An argument of, “if you want nice roads you have to buy more gas/diesel, and eventually starve to death from the emissions” was never a good idea. Legislators must have realized this but since rising gas prices are always unpopular, they found a way to pretend they’re doing the right thing instead of actually doing it. The right thing being a transition away from fossil fuels ASAP and a move to different transit systems that weren’t based so heavily on cars.  

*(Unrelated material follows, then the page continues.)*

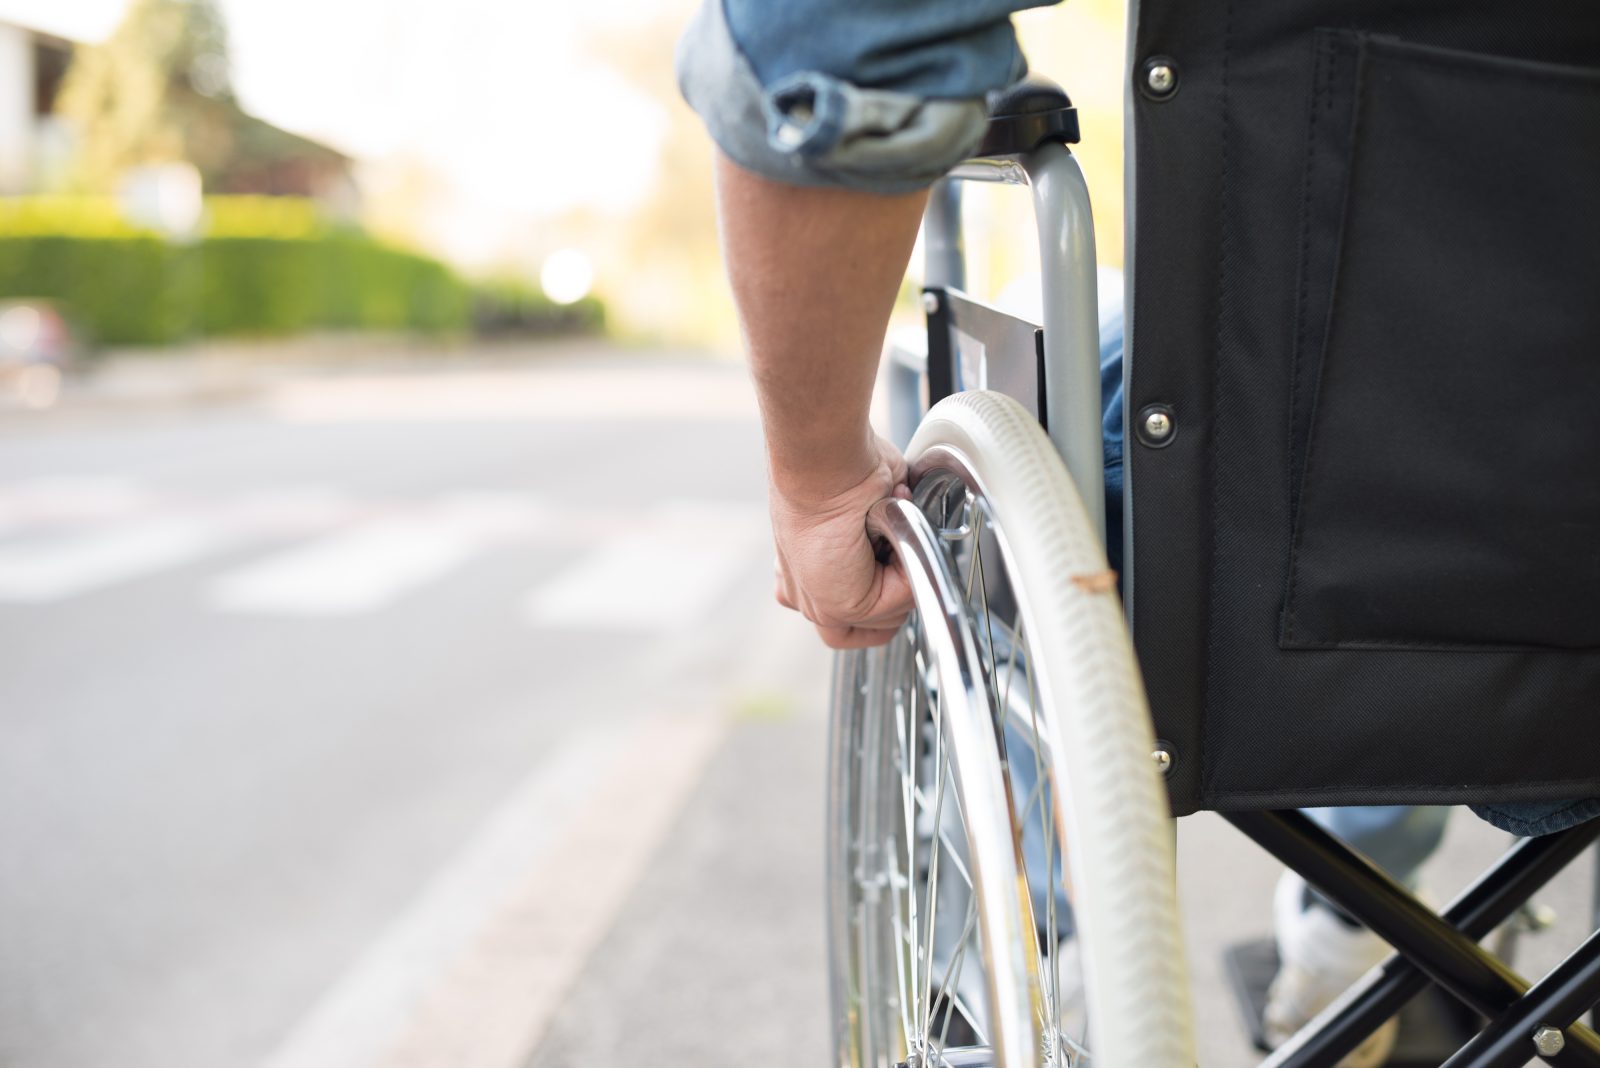 Le ROPHCQ veut mieux cibler les besoins des personnes handicapées
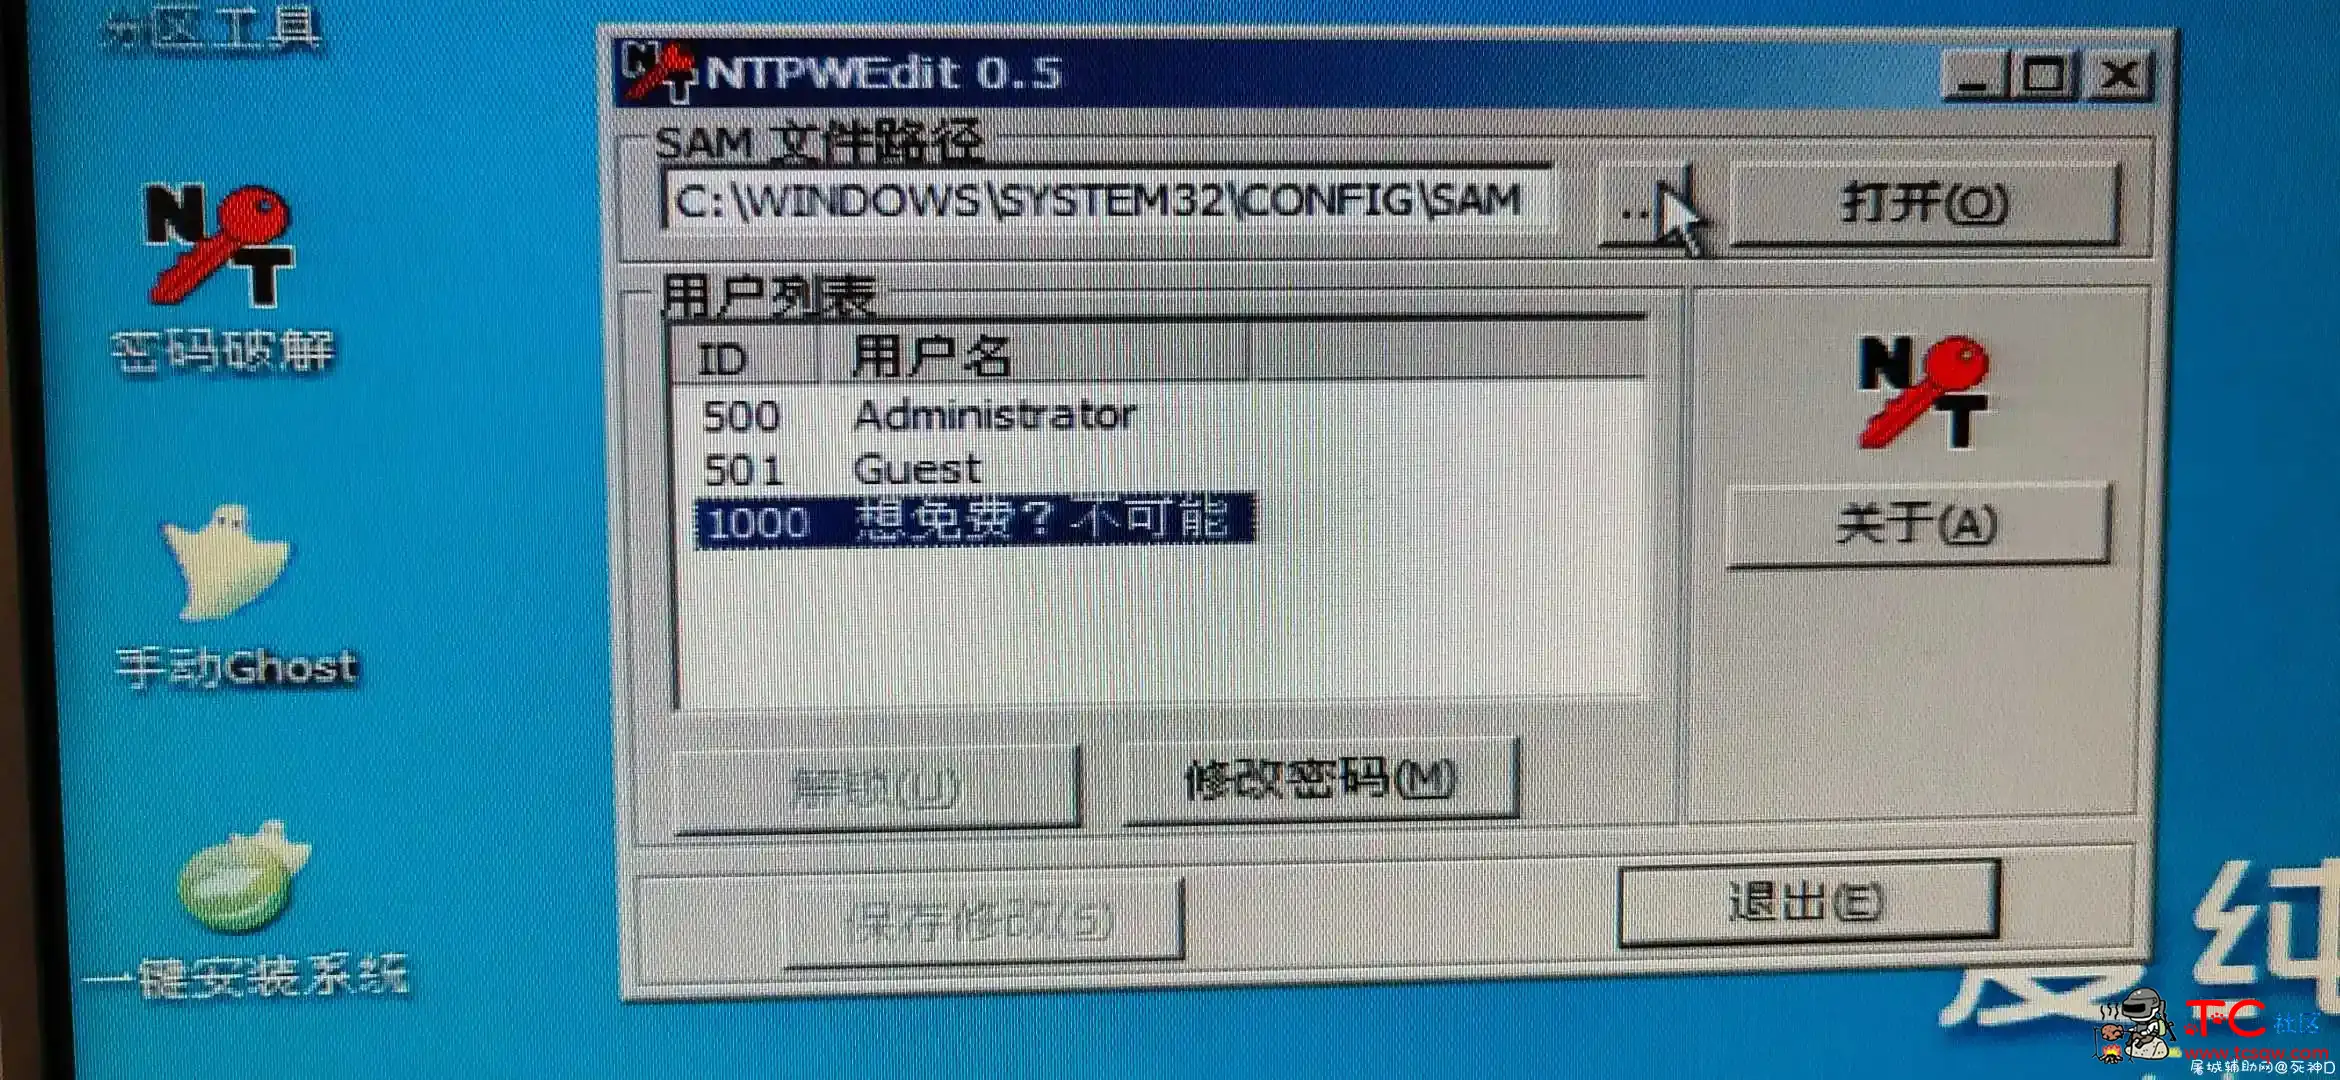 发布锁机软件 屠城辅助网www.tcfz1.com8573

I think the tobacco industry is a good model for a solution here. Washington charges $3.03 in tax for cigarettes because of the great harm they are known to cause to offset heatlhcare costs (or so they say) etc. With an average cost of about $8.03 a pack that means that the tax is about 37% of the cost of the pack. Since gas/diesel are also known to be contributing to the eventual extinction of the species, and harmful to our health, with a current tax of about $0.45 cents per gallon and a gallon of gas being about $4.45 per gallon right now, or only about 10%, then it obviously makes more sense to increase the gas tax. That is if we want to phase to a green economy and have a planet around to make money, or anything else on, in the near future.
Again, hybrids and EVs still only make up about 3% of vehicles on the road, so the amount of additional tax being taken in on them is still pretty small. Overall, the hard truth is that cars/trucks are generally a bad way to get around and always wasteful to some extent. However, some much more than others.
So, I agree with you that we need totally different transportation systems to really address climate change. While the Whatcom Dems. passed their Electric Bus resolution with a unanimous 50-0 vote, we should note that they did meet resistance from other Corporate Dems. along the way and our schools still refuse to buy even one electric bus. In short, we aren’t taking action quickly enough, and trying to tax a resource we are trying to get rid of is a losing battle in the end anyway.
It gives us the illusion of progress when no real progress is being made. It’s the standard play from the establishment playbook. The games being played with broadband are even worse. The PUD, Port, COB, and County refuse to even fund inexpensive, accurate, load testing. They don’t want the real numbers because all they want is to be able to say that they “did something” on the campaign trail and they’re really hoping that citizens aren’t having in-depth discussions about topics like this that could spoil their plans to lie to us on the campaign trail.